Statistics
During our runnings, we saw that not only the α of the protein is important. Actually he is limited by a serie of factors, specially the complex formation. Also the time of the production is more coupled with the basal expression, that actually represents the strength of the promoter, than the connection with the sender, represented by the α of the protein, itself. So, for doing a good analysis of the system we should do a N-dimensional analysis of the system.
Also, considering that we are working with a scale with a lot of stochastic influence, the statistical of it, is very far more complicated then deterministic events.
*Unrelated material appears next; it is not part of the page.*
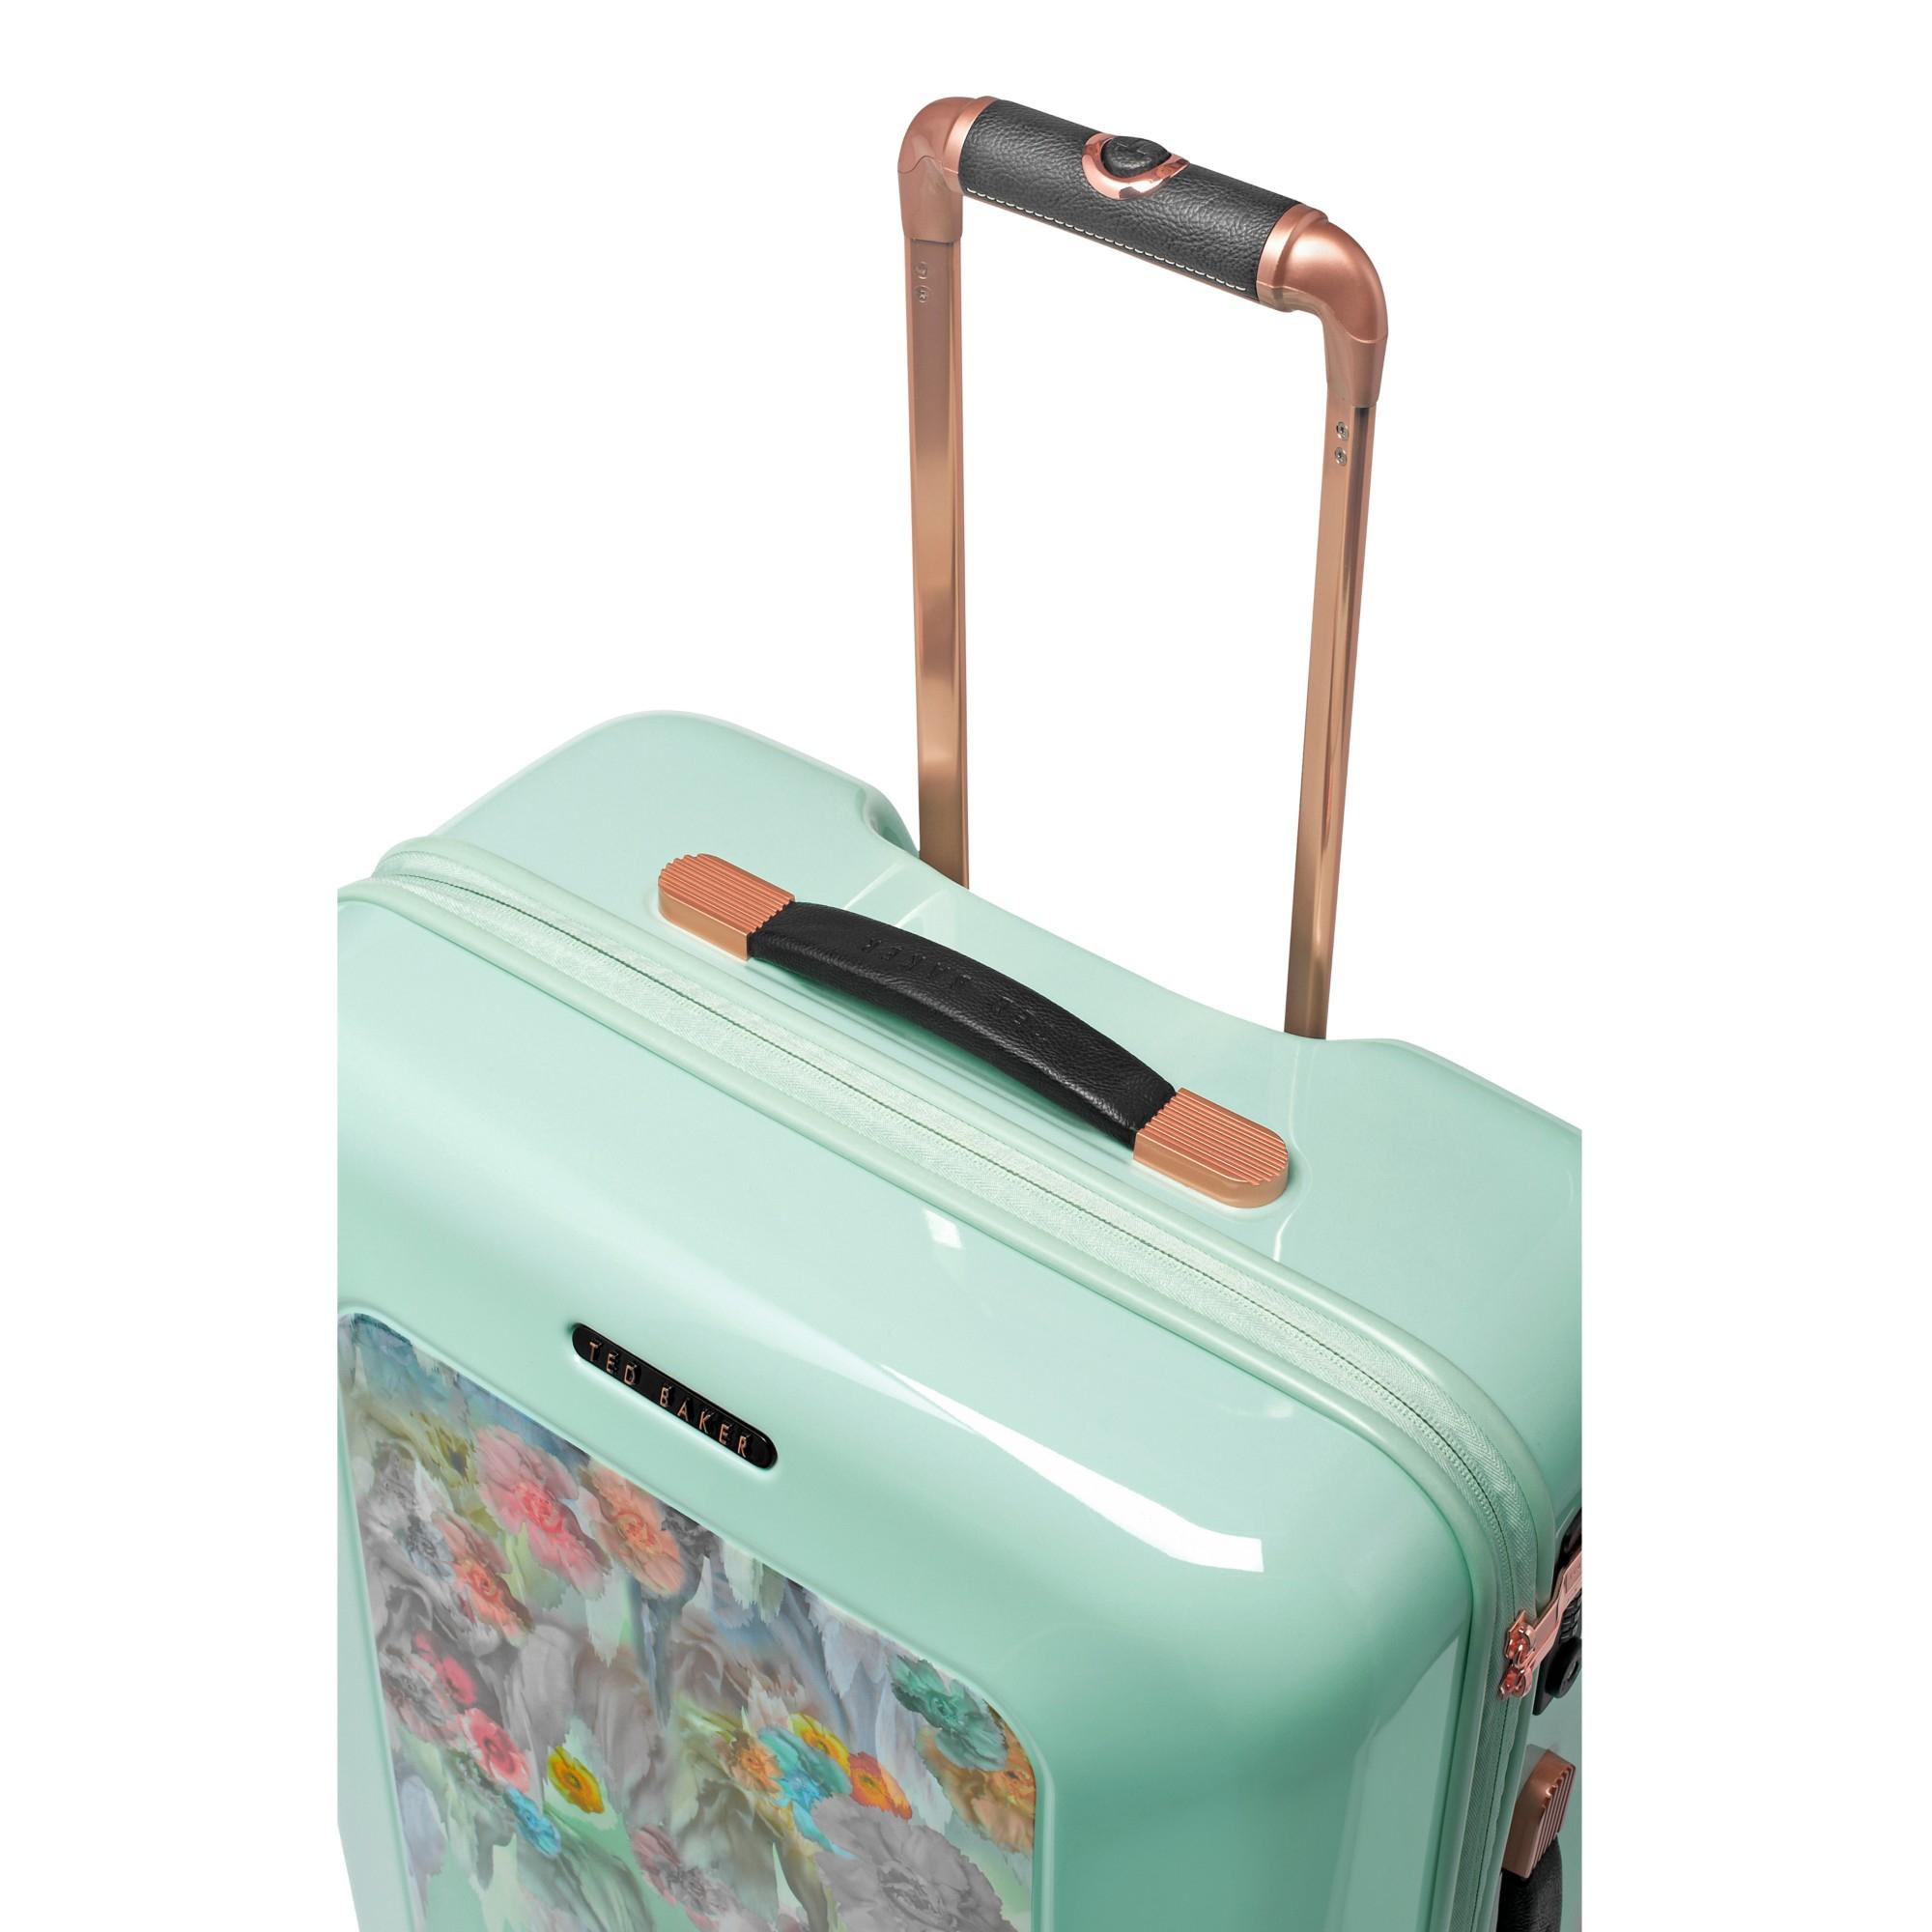 4c835aac0c744 Ted Baker Sugar Sweet 4-Wheel 69.5Cm Medium Suitcase in Green - Lyst

So, combining both ideas, we propose here an analysis for the system, which could bring more elucidation about the results of works with Quorum Sensing
Our proposal is, then, use a simply computational method: During the integrations of the ODE, we are going to do a stochastic perturbation and then, at each step keep doing this. Using this simply approach we can run a Monte Carlo simulation to establish an confidence interval, we're we can compare our data. This is a kind of stochastic deviation that is intrinsic to the processes, not simply of measure, therefore is way more hard to be treated.
This is a very know approach, specially in ecology, to compare simulations and compare to the data. But the big trick, is then to make a dimensional analysis of the models, were we can adjust the parameters an variables to find stable states of our system for each parameter of interest, basal expression or the relation between the complex formation and separation, which limits the entire system. Then, use this approach with Monte Carlo simulation to create small perturbations around the values of these values and combine they with the variations in the systems itself, creating a combination in a N-dimensional space which can not only test our data, but also, by knowing some few chemical data, we could predict an entire set of systems.